A Data Processing Assistant for Resting-State fMRI was used for data preprocessing in MATLAB (MathWorks) (Chao-Gan and Yu-Feng, 2010). Considering that data errors may increase due to initial signal instability and subjects’ early adaptation time, we deleted the first 10 original images to minimize these potential impacts. Specific processes were as follows: (a) correction for slice timing and head motion: all data were with a maximum displacement of x-, y-, or z-axis less than 2 mm and maximum angular rotation less than 2°; (b) normalization: the corrected imaging data then got spatially normalized to the MNI space with 3 mm × 3mm × 3 mm; and (c) band-pass filtering and detrending: after normalization, the imaging data were temporally band-pass filtered at 0.01–0.08 Hz and got linearly detrended. Several spurious covariates (such as the signal from the ventricular seed-based region of interest, white matter-centered region, and 24-head motion parameters acquired by rigid body correction) were removed from the imaging data. The global signal was not regressed out during data preprocessing according to a previous study (Hahamy et al., 2014).

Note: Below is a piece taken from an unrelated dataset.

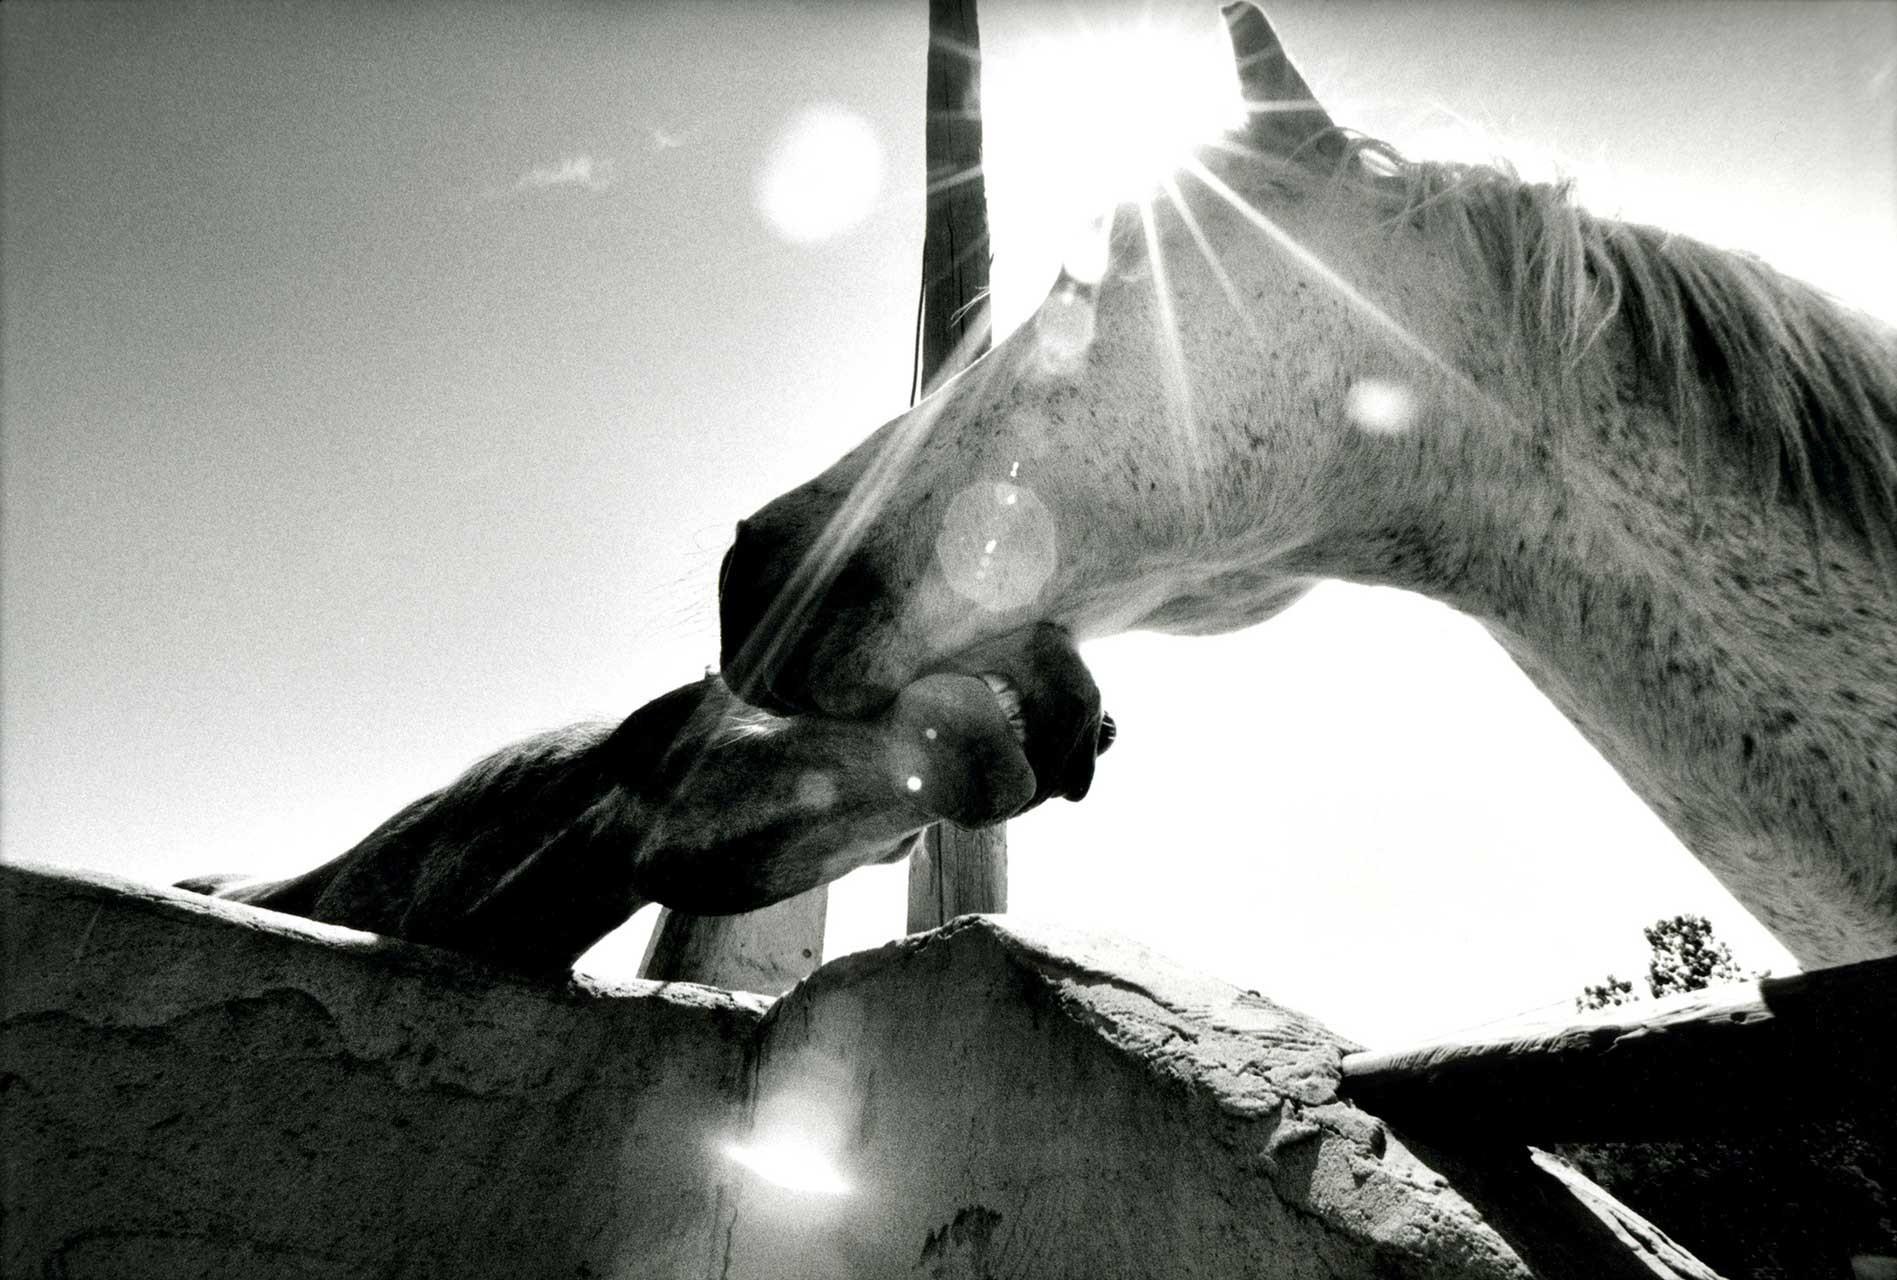 Laure-Maud_photographe_01_chevaux-camarguais_02
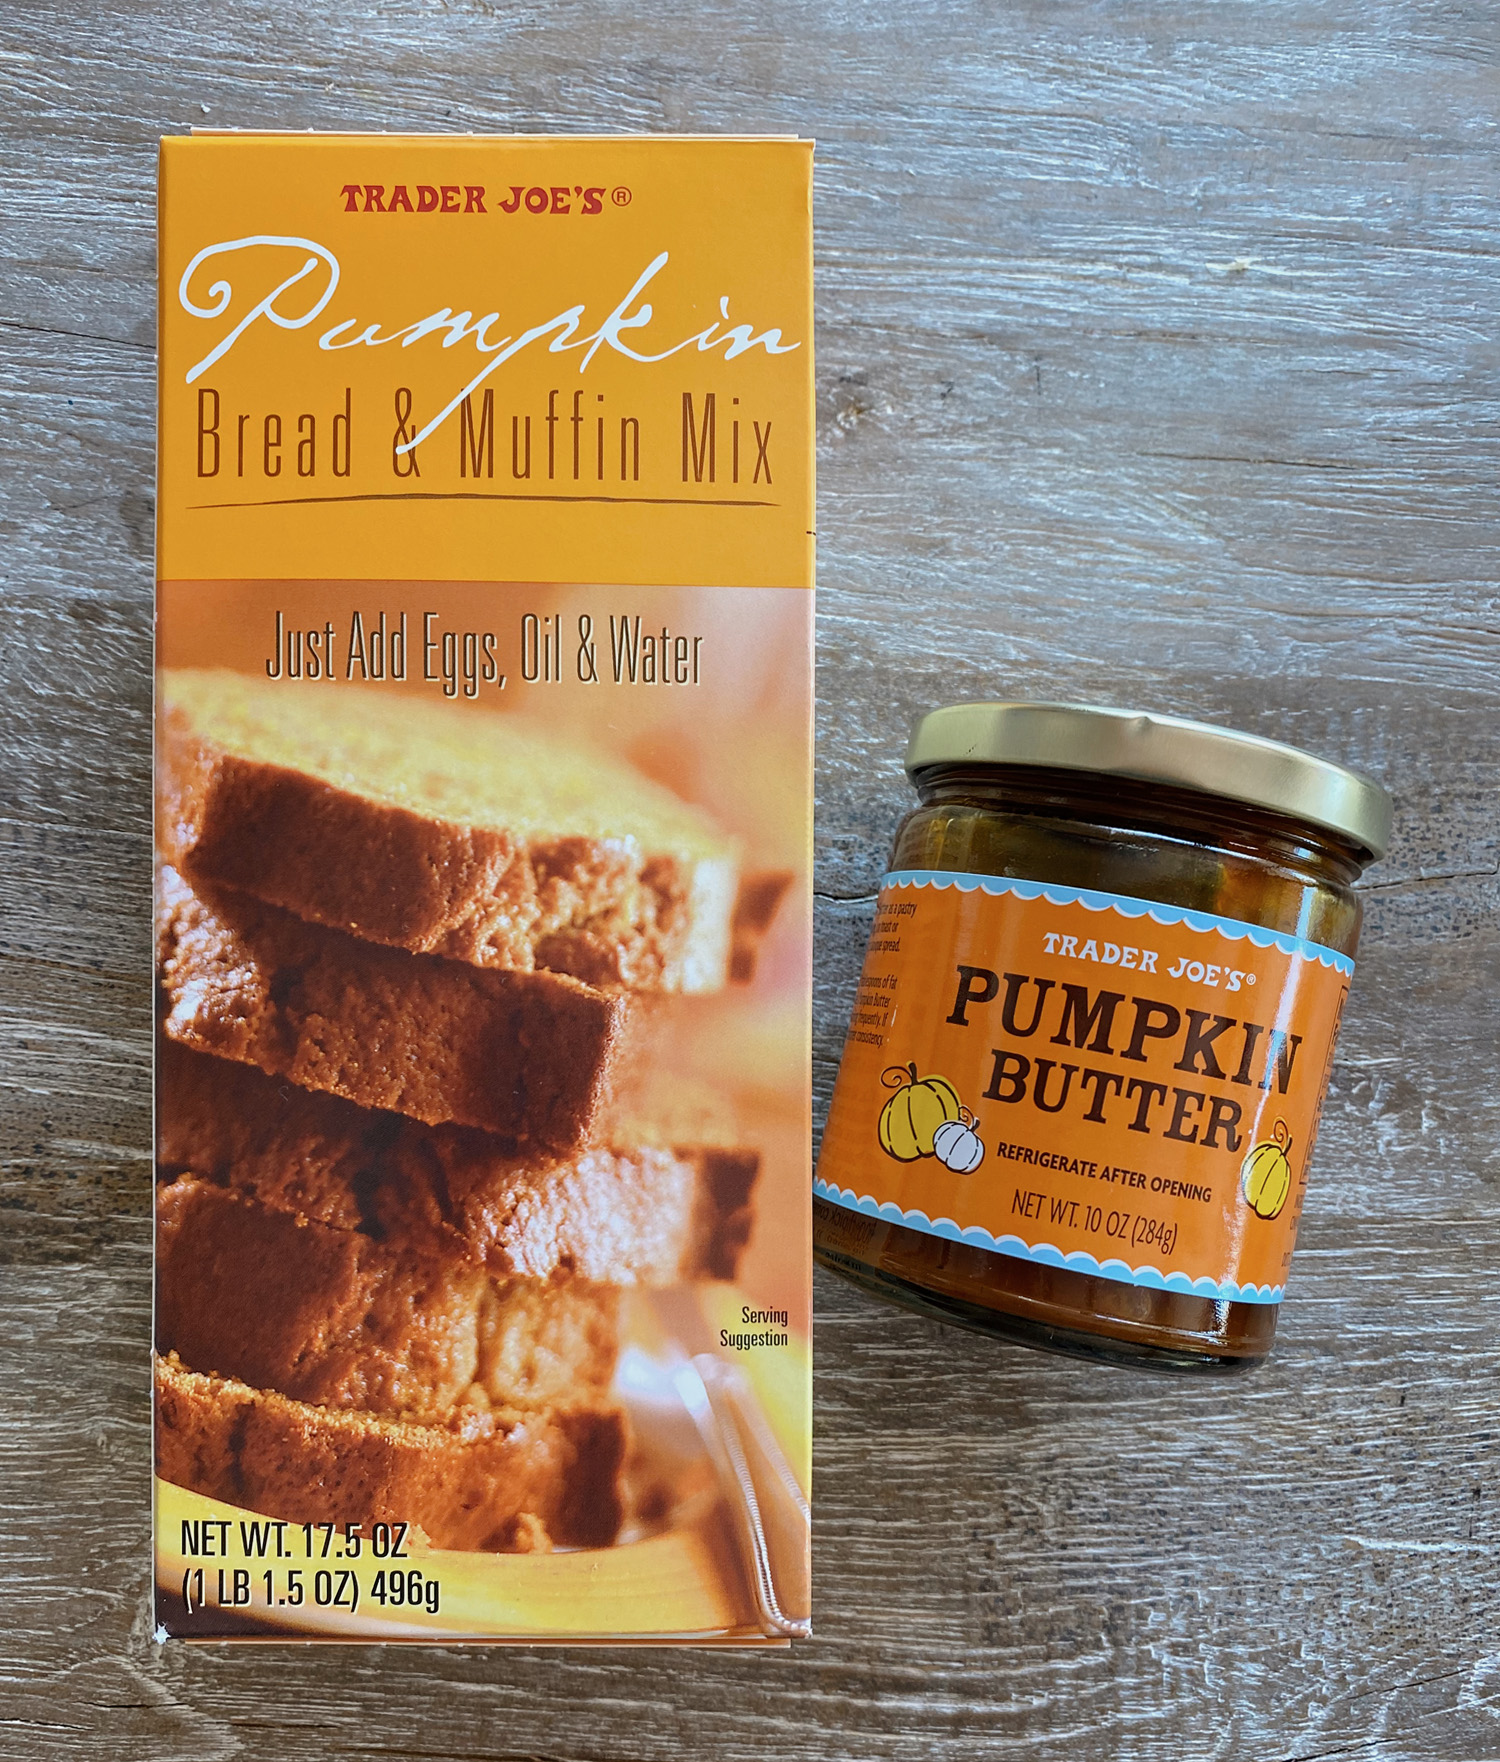 Trader Joe's Pumpkin Bread and Muffin Mix

Default Mode Network Identification

After being preprocessed, all groups were subjected to construct the DMN mask by using Group Independent Component Analysis (ICA) of fMRI toolbox (GIFT).[1] Three main steps were included in the analysis as follows: data reduction, independent component separation, and back reconstruction. The DMN components were selected based on the templates provided by GIFT. The specific calculation process of generating the final DMN mask was similar to our previous study (Guo et al., 2018b). The generated DMN mask was applied in the following NH analysis.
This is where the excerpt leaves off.